▶ **What the task requires**: Would you transcribe only the lines below, from the one containing "N. 1 Banconota" through the end of the material, exactly and with no pictures?

▶ **Dataset section**:
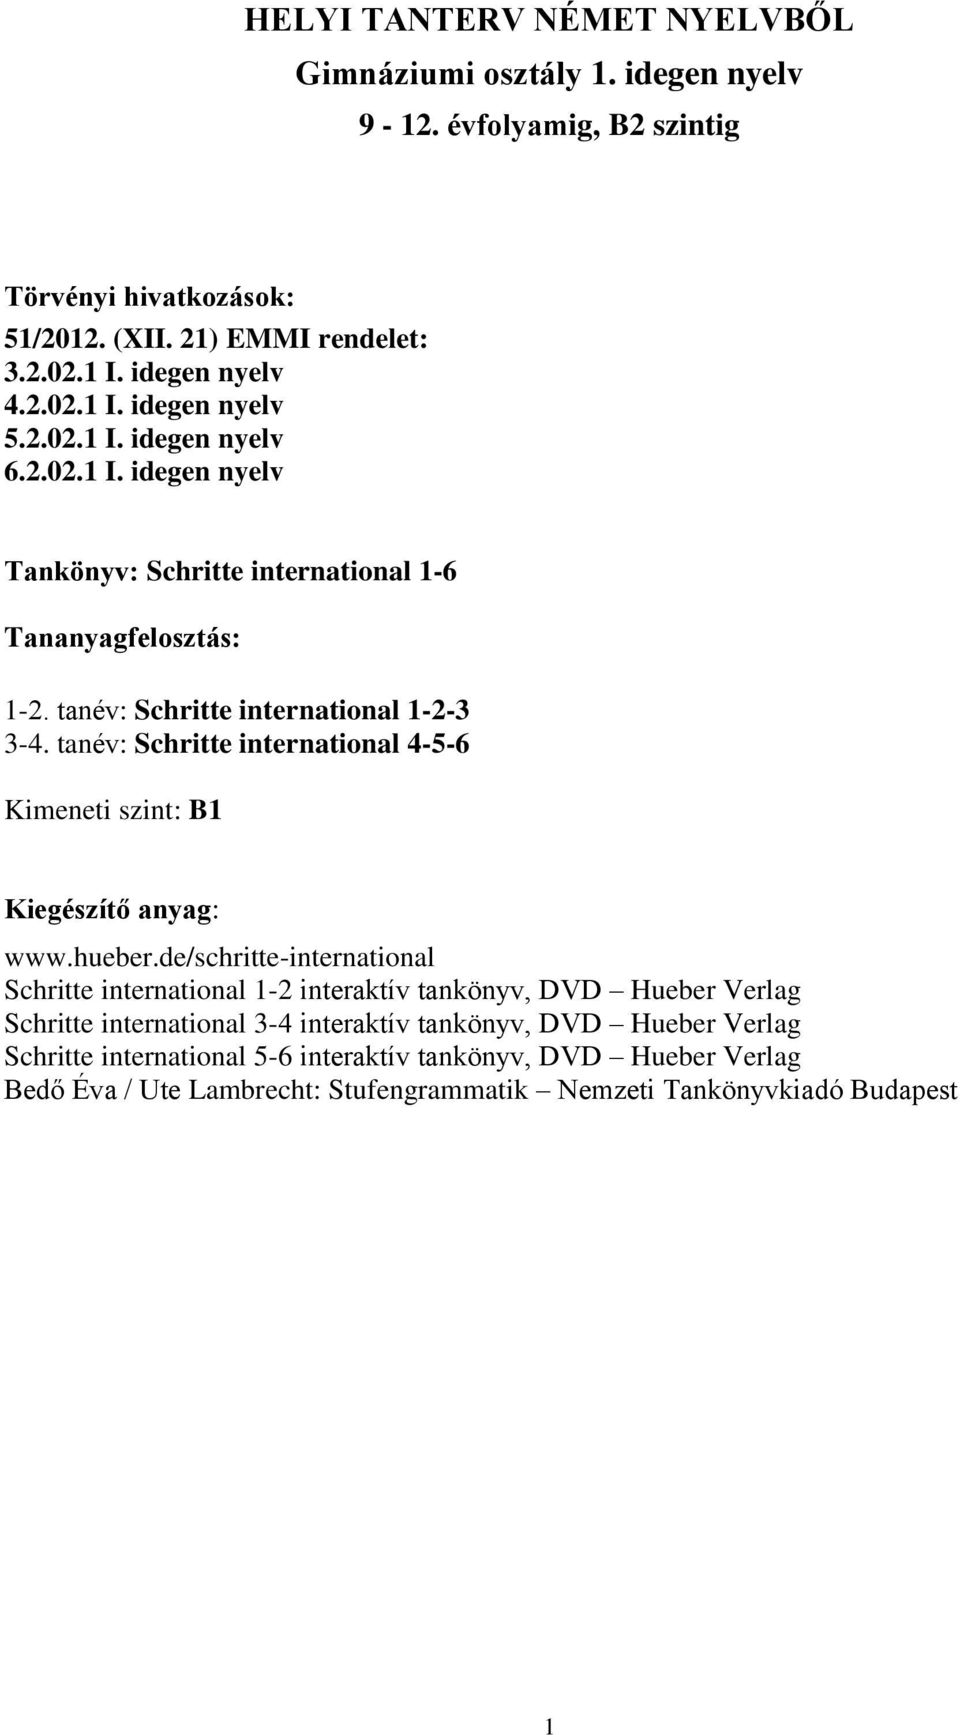 tanév: Schritte international 4-5-6 Kimeneti szint: B1 Kiegészítő anyag: www.hueber.
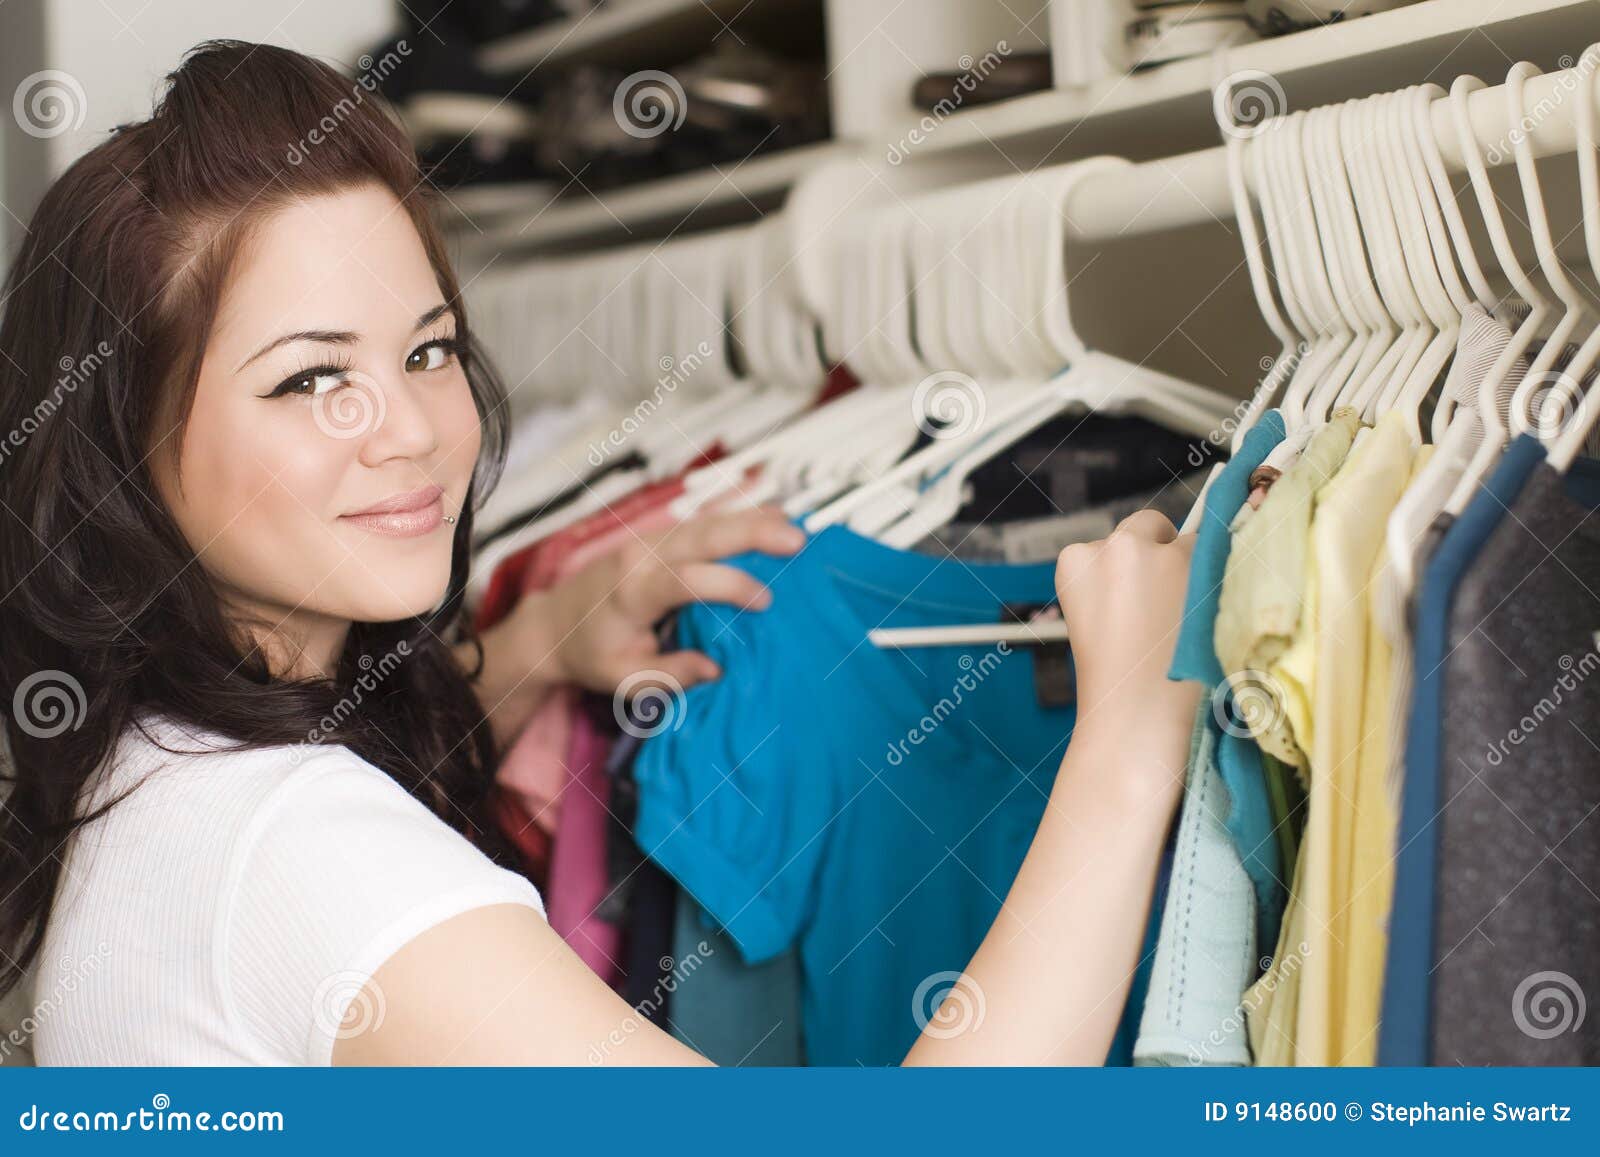 clothes in closet
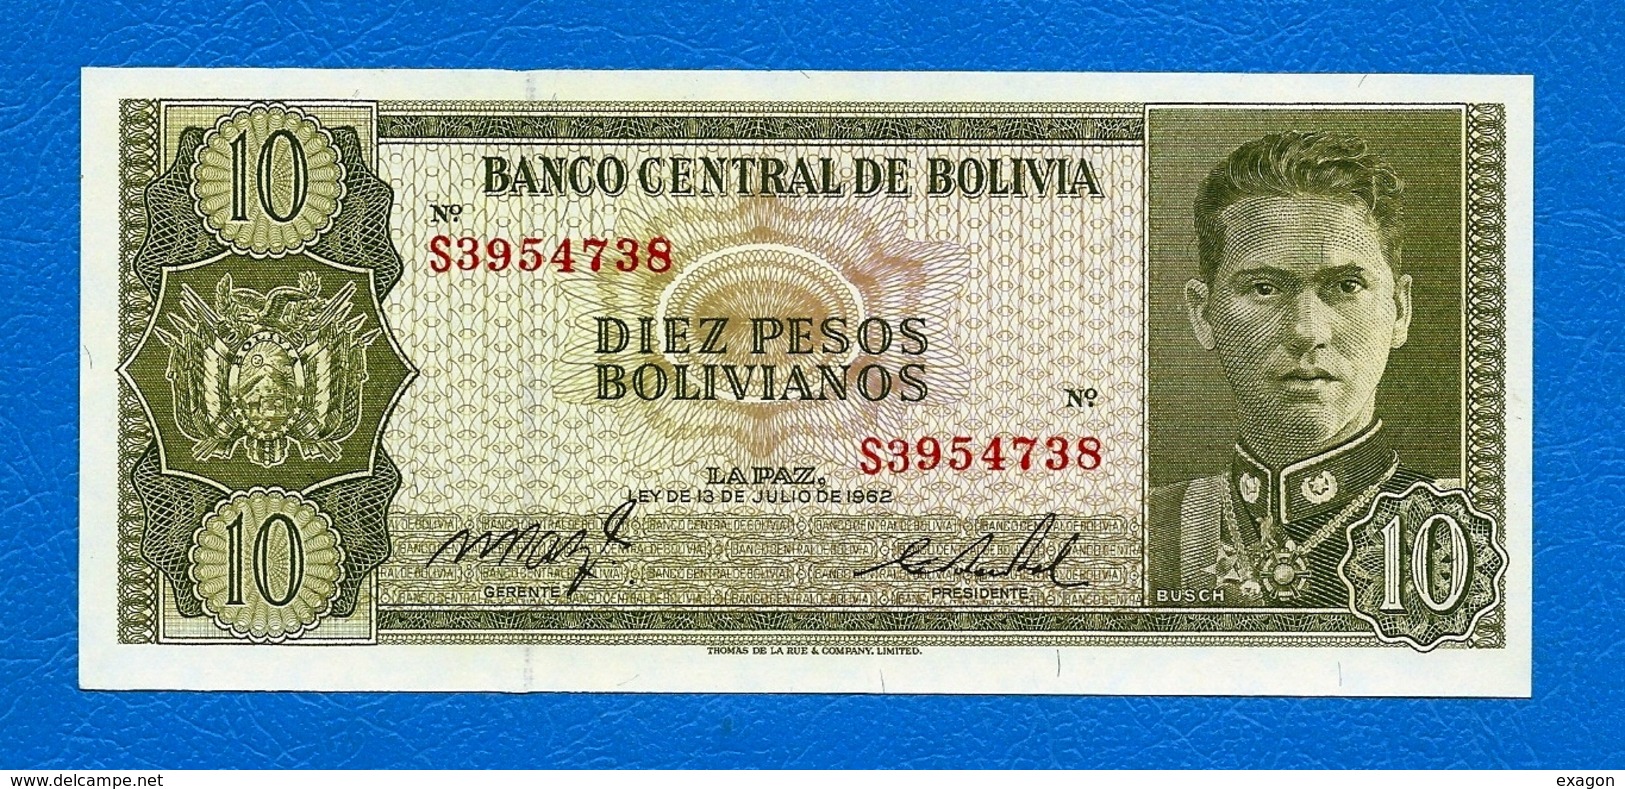 N. 1 Banconota Da 10   PESOS  BOLIVIANOS  -  BANCO  CENTRAL DE   BOLIVIA  -  Anno 1962. - Bolivia
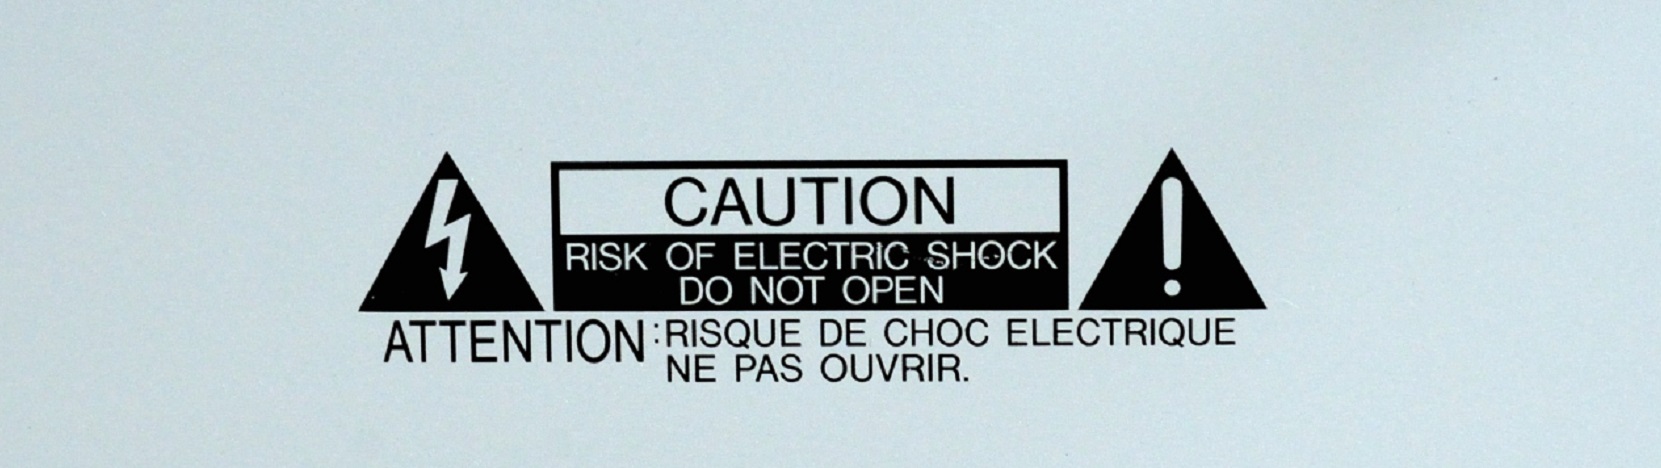 Un apparecchio elettrico su nove risulta difettoso – Electrosuisse

▶ **The completed task**:
 N. 1 Banconota Da 10   PESOS  BOLIVIANOS  -  BANCO  CENTRAL DE   BOLIVIA  -  Anno 1962. - Bolivia
 Un apparecchio elettrico su nove risulta difettoso – Electrosuisse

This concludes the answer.